Quote 1
"You don’t have to pretend you love me."
"But I do love you." (6.44-45)
A few paragraphs back he tells us he doesn’t love Catherine. A Farewell to Arms is a memory, Frederic’s memory of Catherine. He’s showing us the beginning of his love for Catherine, perhaps even the awakening of it. Do we trust Frederic here? If not, why? Is this his confession, to the reader, that he didn’t love Catherine enough at first? Does Catherine love him here?
Quote 2
"It’s just a dirty trick."
"You dear, brave sweet." (41.270)
These are the last words that Catherine and Frederic speak. She’s talked about love and death before, in terms of "a rotten game." Her first lover died, her son died, and now she’s losing her second lover, through her own death. Is love in A Farewell to Arms all a rotten game, or a dirty trick? Or, is there deeper meaning in all novel’s the loving, even though it ends tragically?
Quote 3
I leaned forward in the dark to kiss her, and there was a sharp stinging flash. […]

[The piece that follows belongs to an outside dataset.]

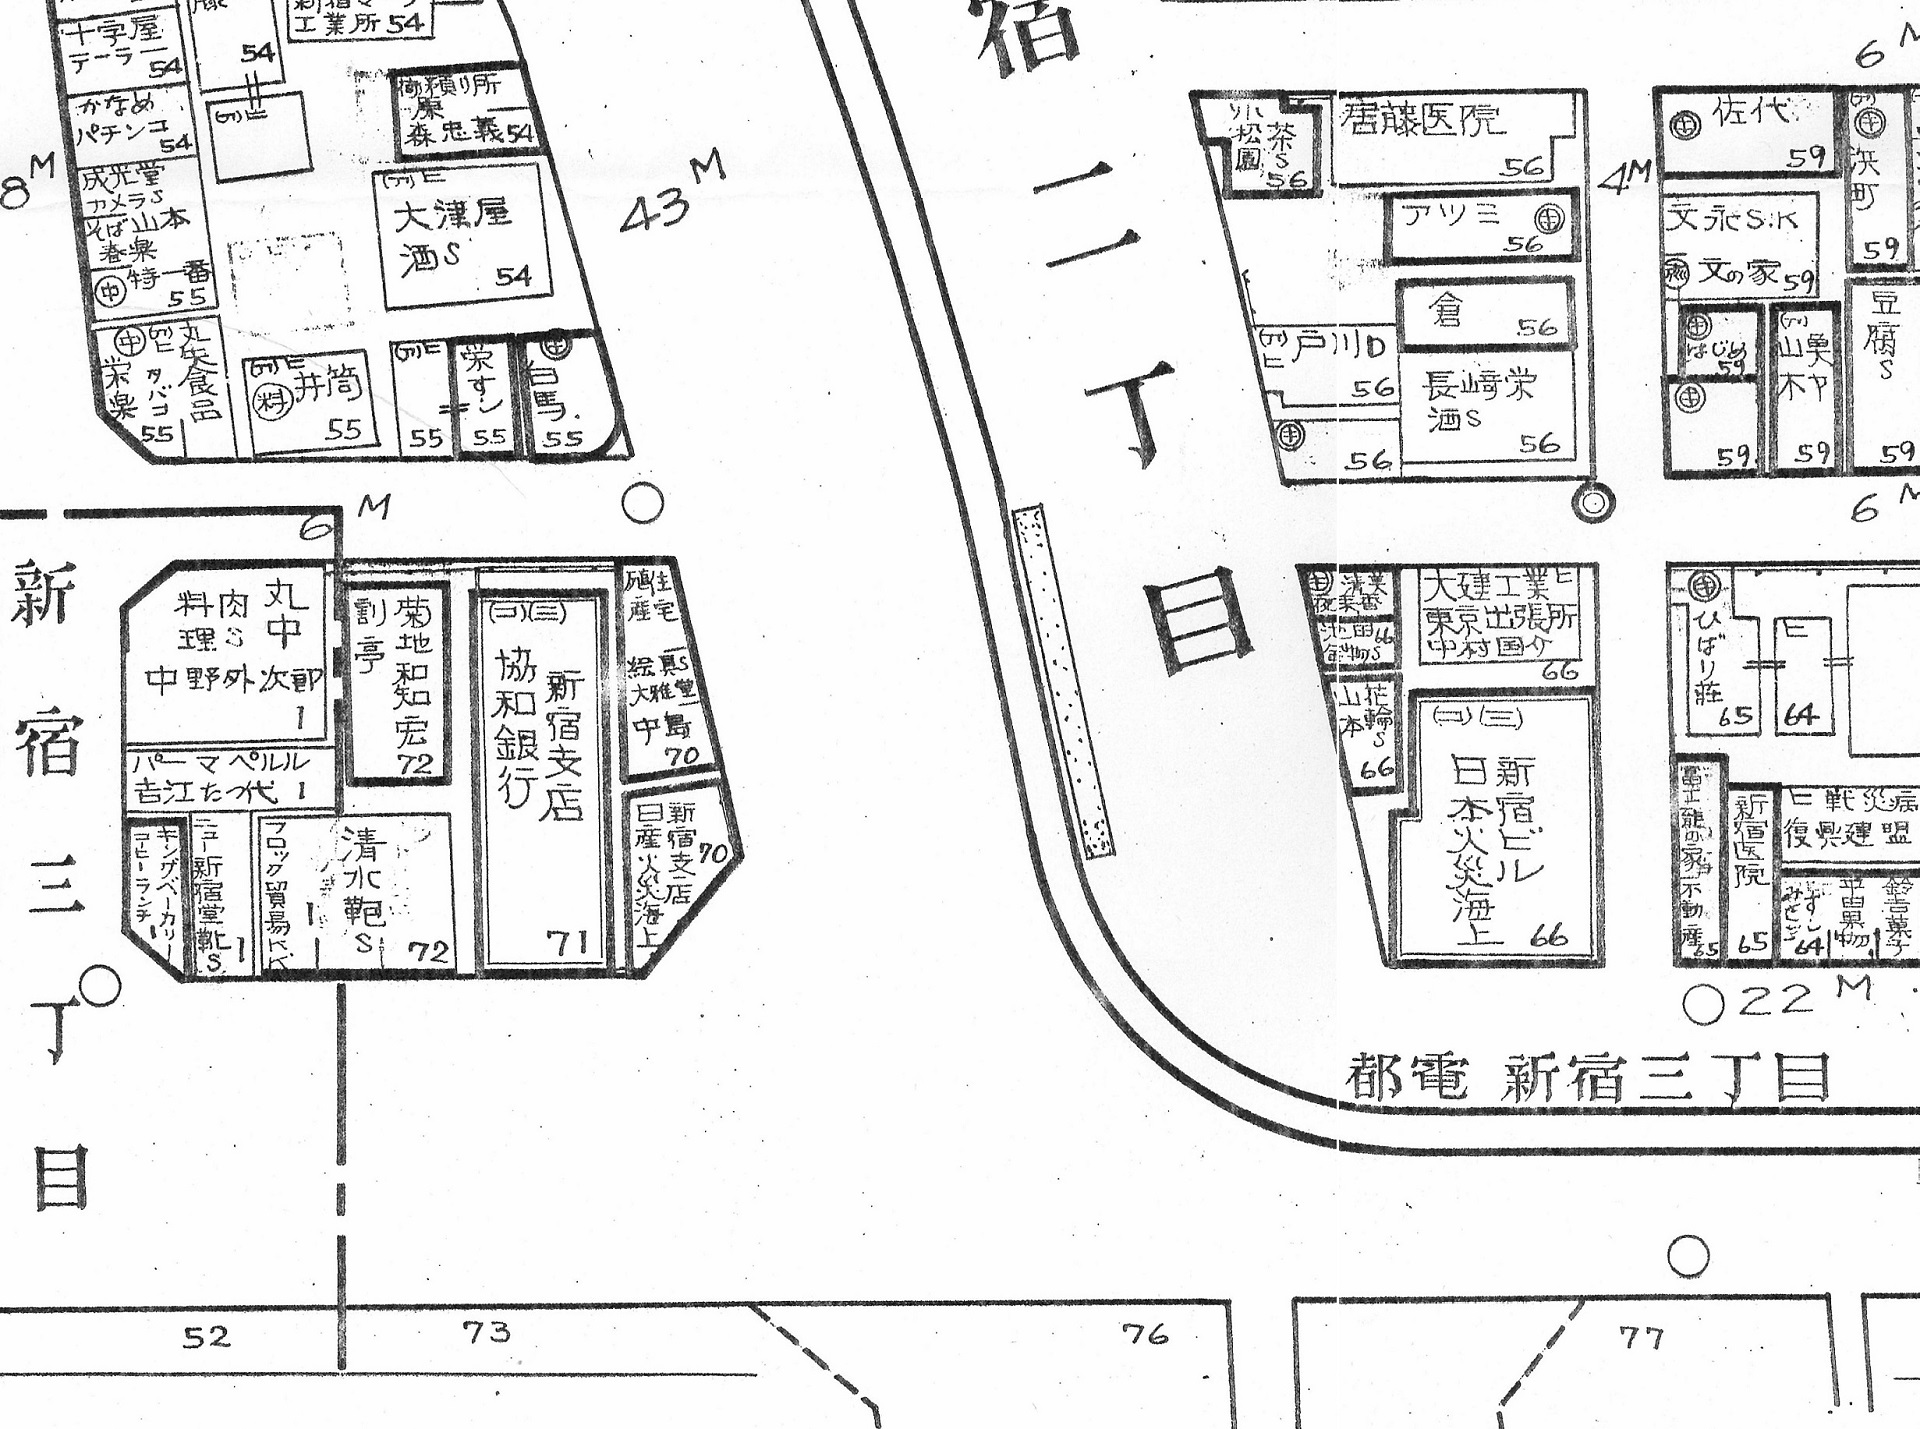 資料12Ｂ（一部を拡大）『新宿区 [4] 新宿通方面 1　１９５１年』東京都立中央図書館所蔵の画像

"I’m so sorry," she said. I felt I had a certain advantage. (5.52)
This is the only time we see Catherine act violently, and she doesn’t like what she’s done. She does want Frederic to kiss her, as we see. We wonder if she slaps him because she doesn’t want to be thought of as being too "easy." He seems to take her slap as an indication of just how much she does want him.